Sure, why not? That's why I'm here.
I'm rappelling down the SandRidge Building in Oklahoma City for a good cause. Because it's a blast. And, oh yeah, to help publicize an event that benefits Special Olympics Oklahoma. Today, more than two dozen other people, each of whom raised at least $1,200 in donations for the organization, will get to do the same thing. About the same number of people will rappel down the Hard Rock Hotel in Tulsa.
Over The Edge, a Canadian company that helps people who know nothing about rappelling do it off large buildings, was conducting this event. "They've done this event with other Special Olympics programs throughout the country," said Derek Cain, development director of Special Olympics Oklahoma. "They had some very successful events so we decided to try it here in Oklahoma."
Dangling 300 feet up
A few participants made large donations themselves to be included in the event, which raised $88,000. But most did it the old-fashioned way, collecting from co-workers, family and "BFFs."
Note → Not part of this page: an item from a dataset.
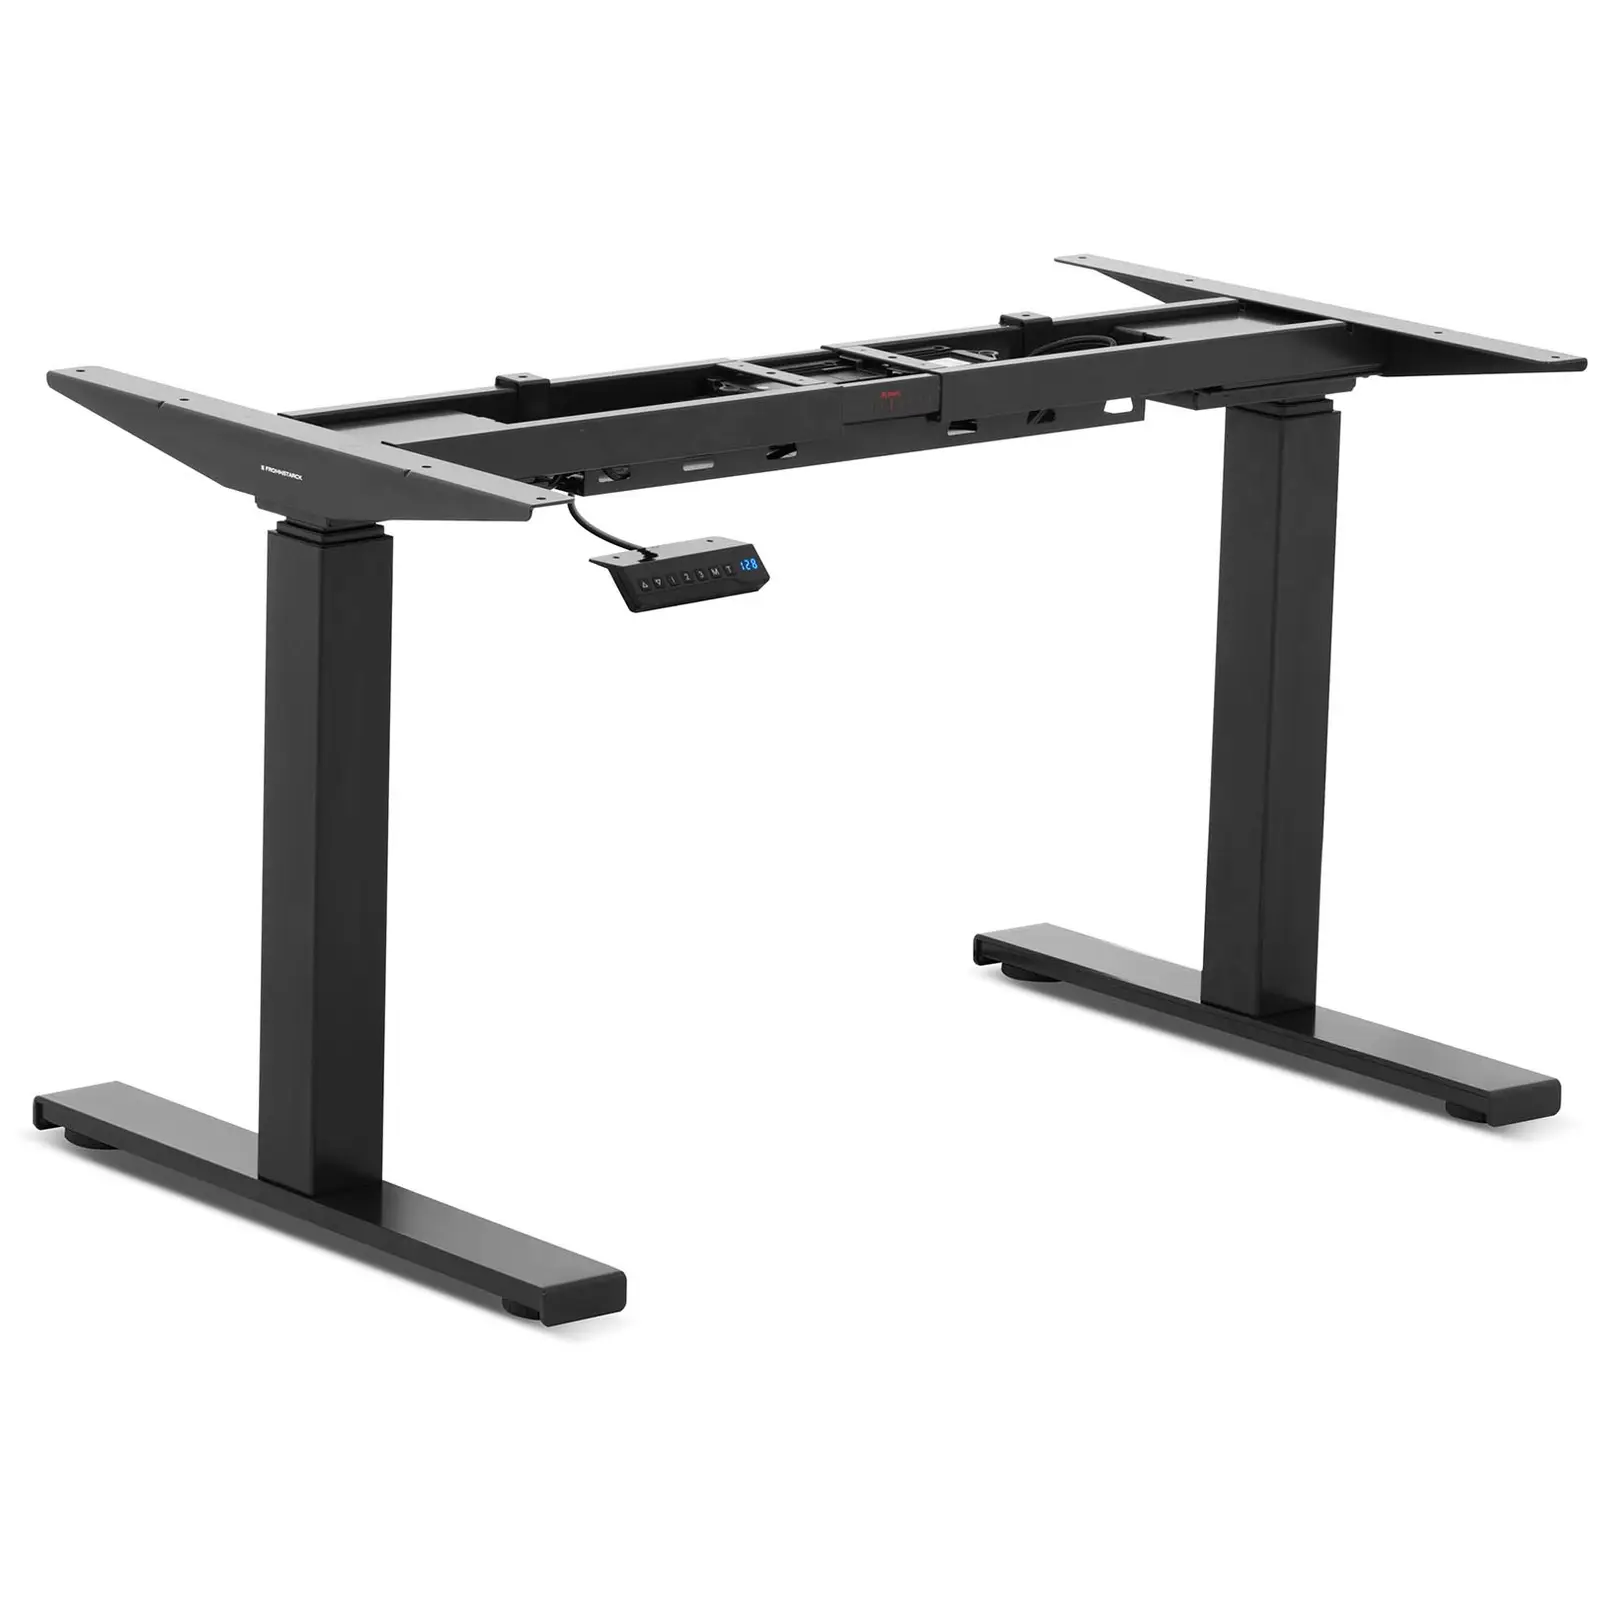 Bastidor para mesa con ajuste de altura - 200 W - 100 kg - negro

"Most people are using their social networks to get to that level," Cain said.
As a member of the media, my contribution to the Special Olympics consisted of showing up. It's a beautiful day, and I'm not passing up an opportunity to dangle more than 300 feet above solid concrete from a building on the same day an earthquake shook buildings in Oklahoma. Besides, after the first 40 feet or so, it doesn't matter how high you are. If you fall, you get the same result.